GIVEN INFORMATION:
= = =

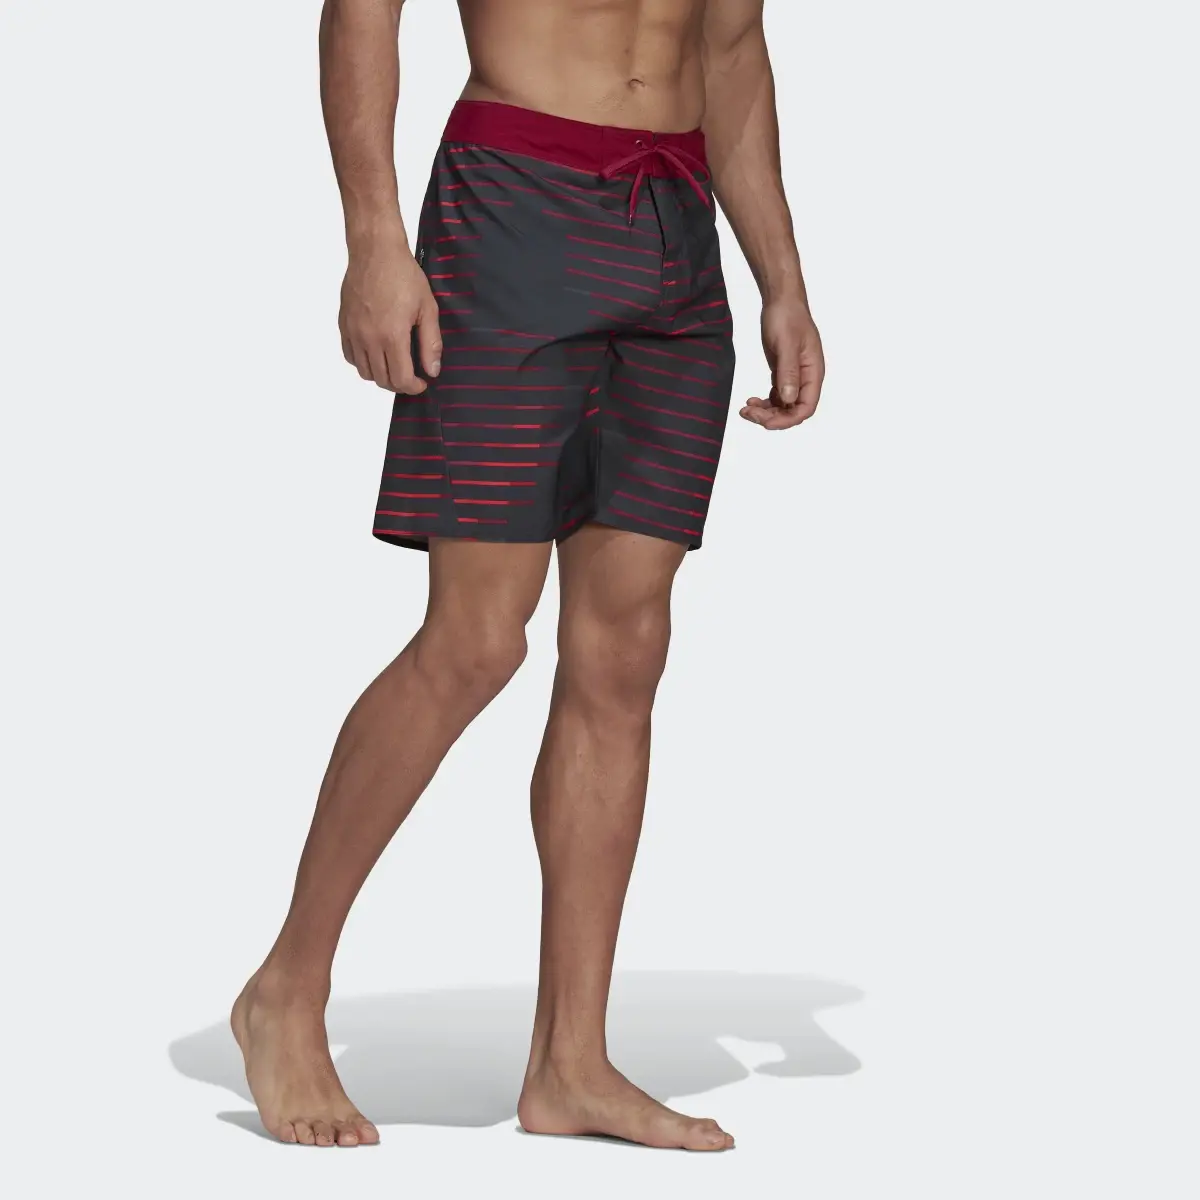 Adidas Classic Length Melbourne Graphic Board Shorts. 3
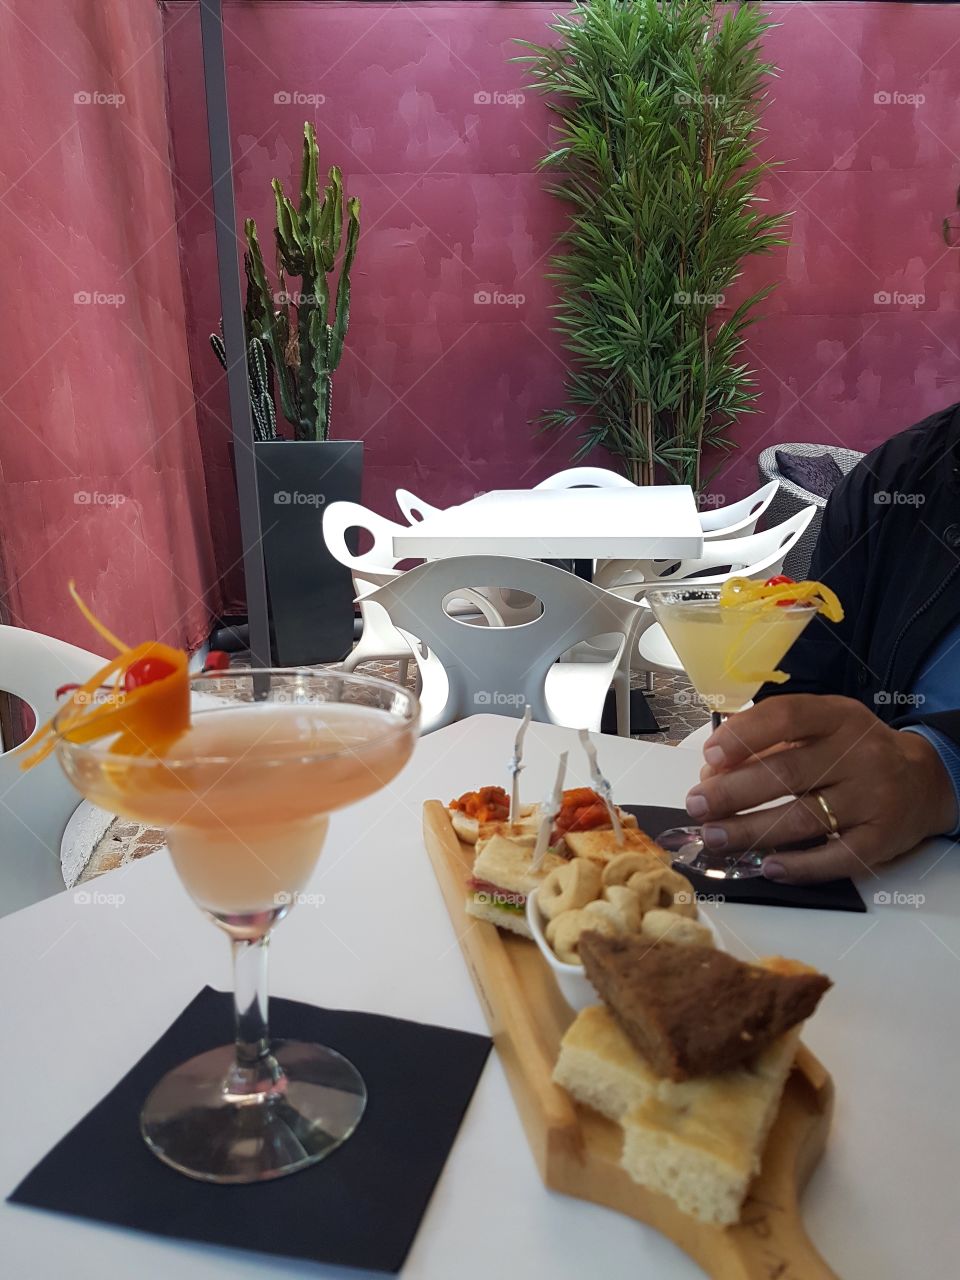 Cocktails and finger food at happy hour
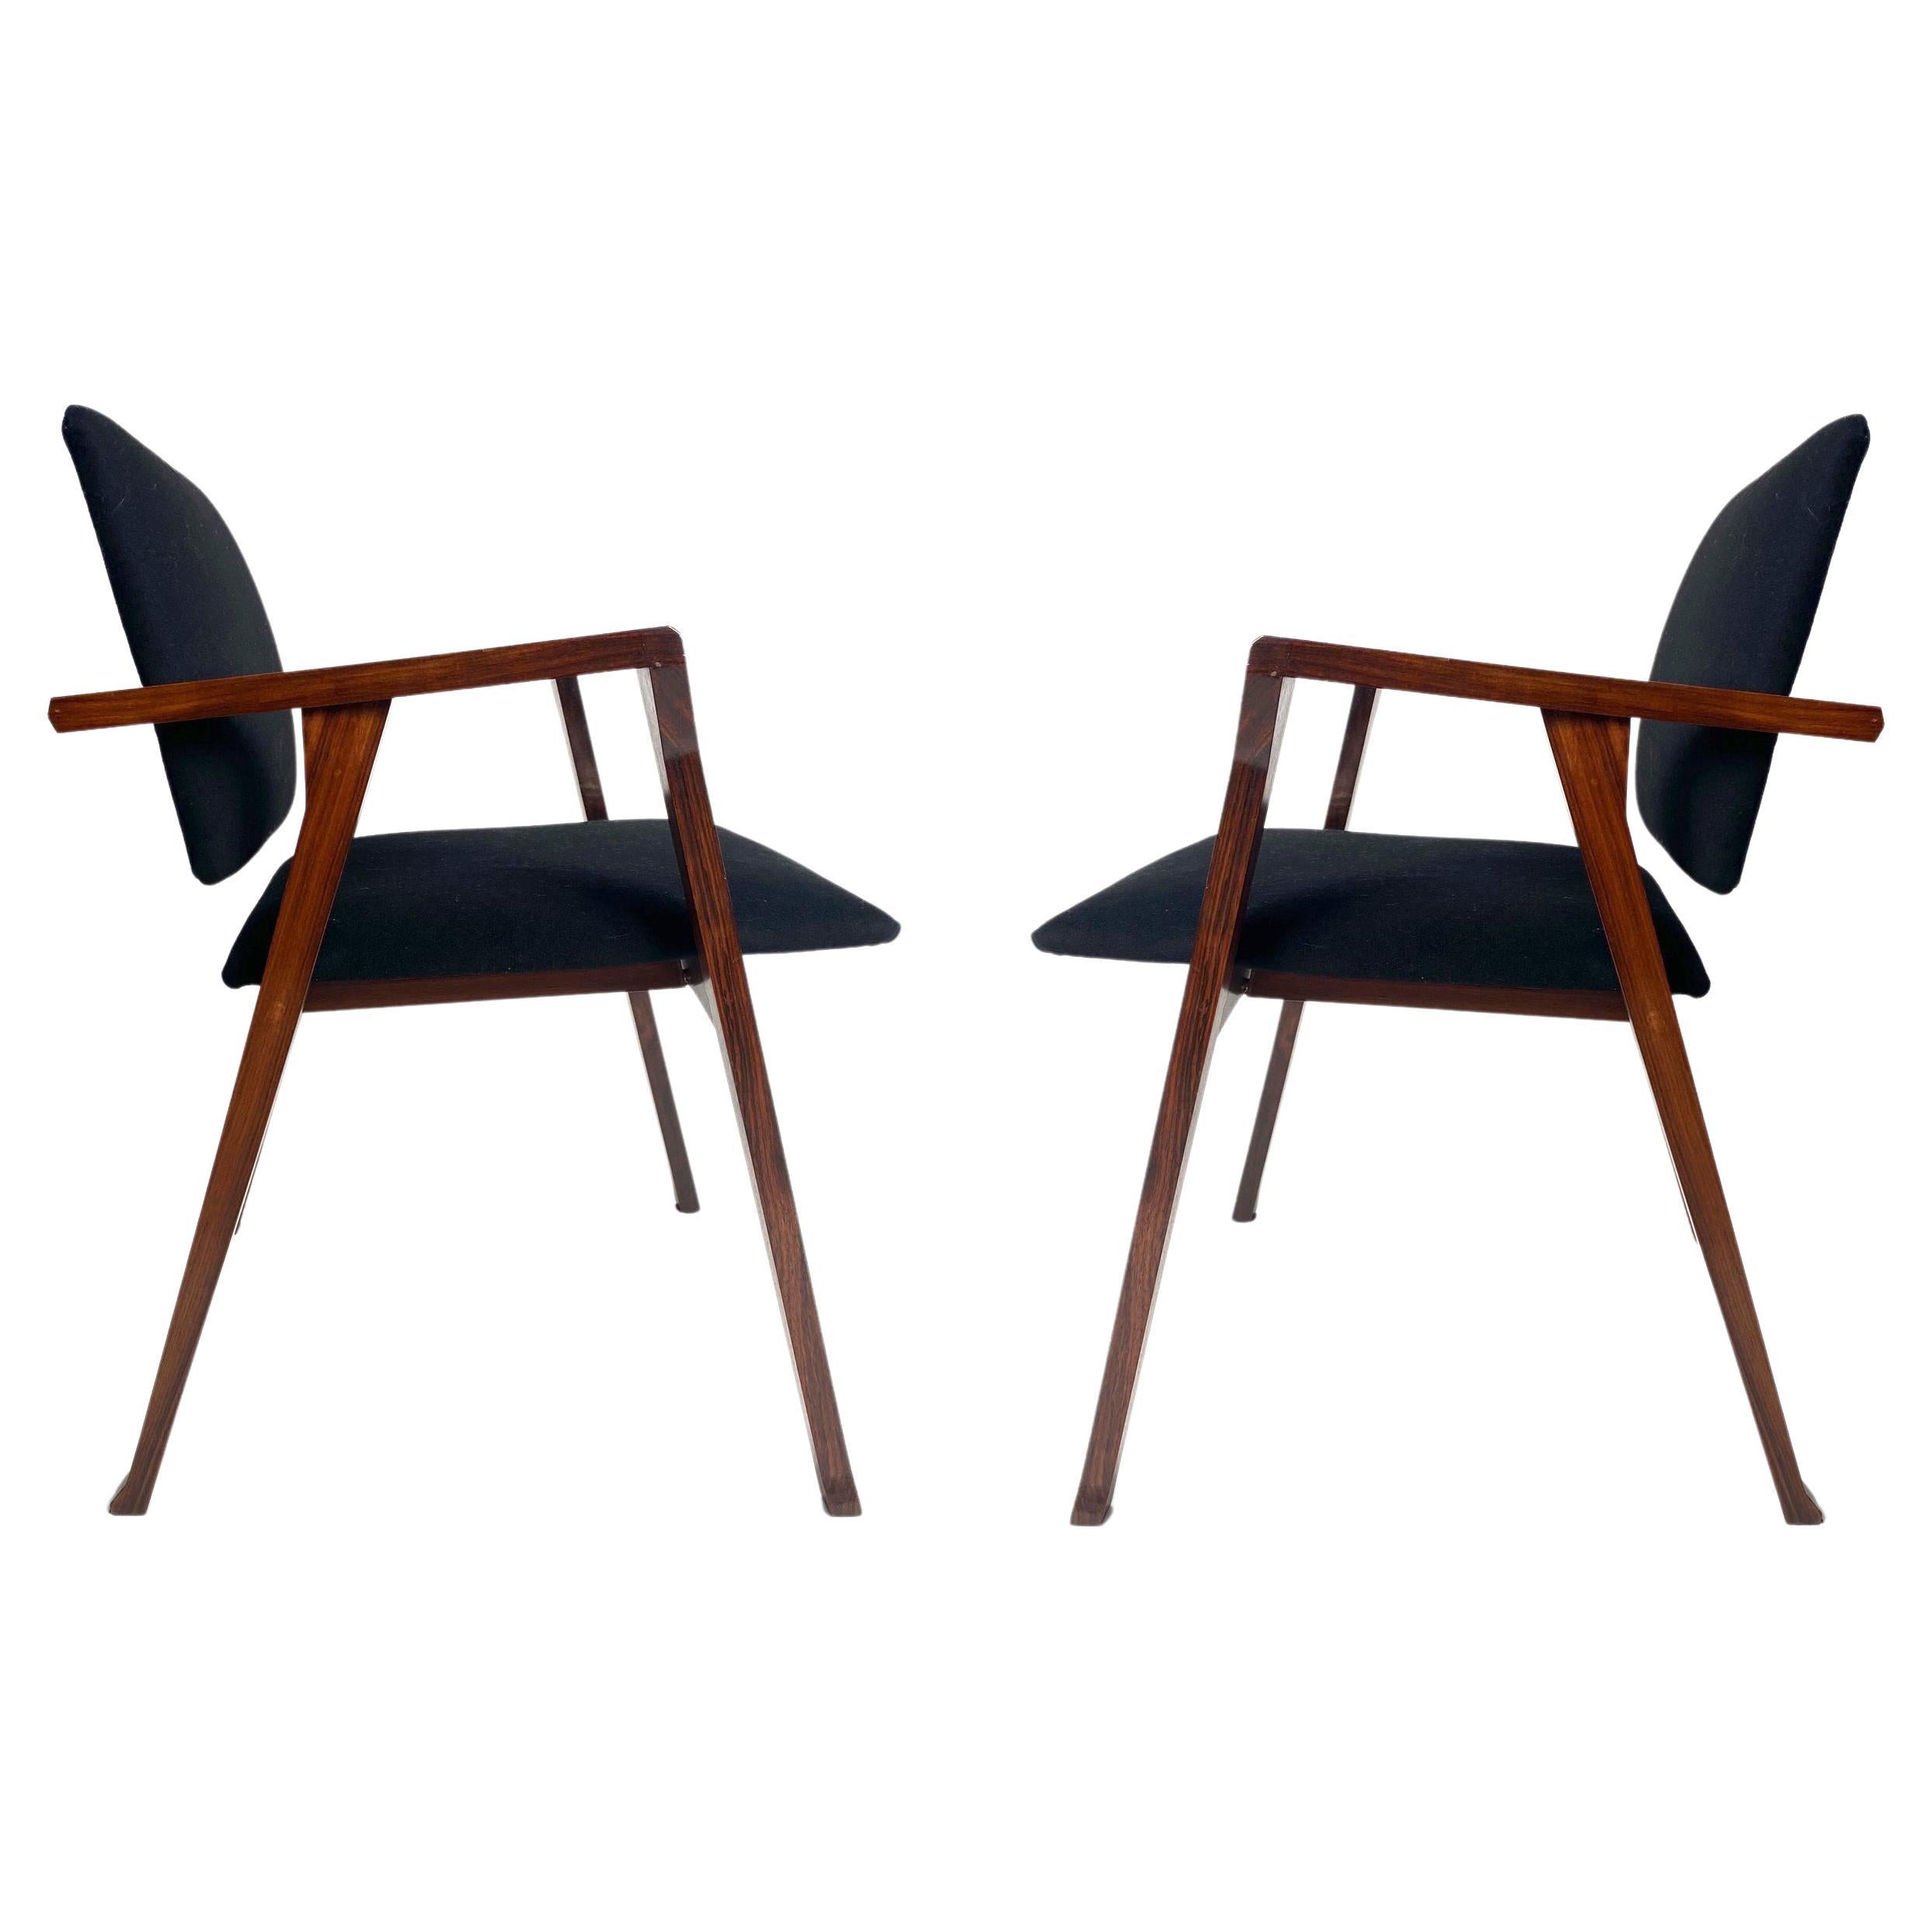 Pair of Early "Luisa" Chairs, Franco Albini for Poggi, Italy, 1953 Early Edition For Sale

= = =

EXERCISE OBJECTIVE:
Repeat the listing above in full, exactly, and omit its pictures.

ANSWER AREA:
 Adidas Classic Length Melbourne Graphic Board Shorts. 3
 Cocktails and finger food at happy hour
 Pair of Early "Luisa" Chairs, Franco Albini for Poggi, Italy, 1953 Early Edition For Sale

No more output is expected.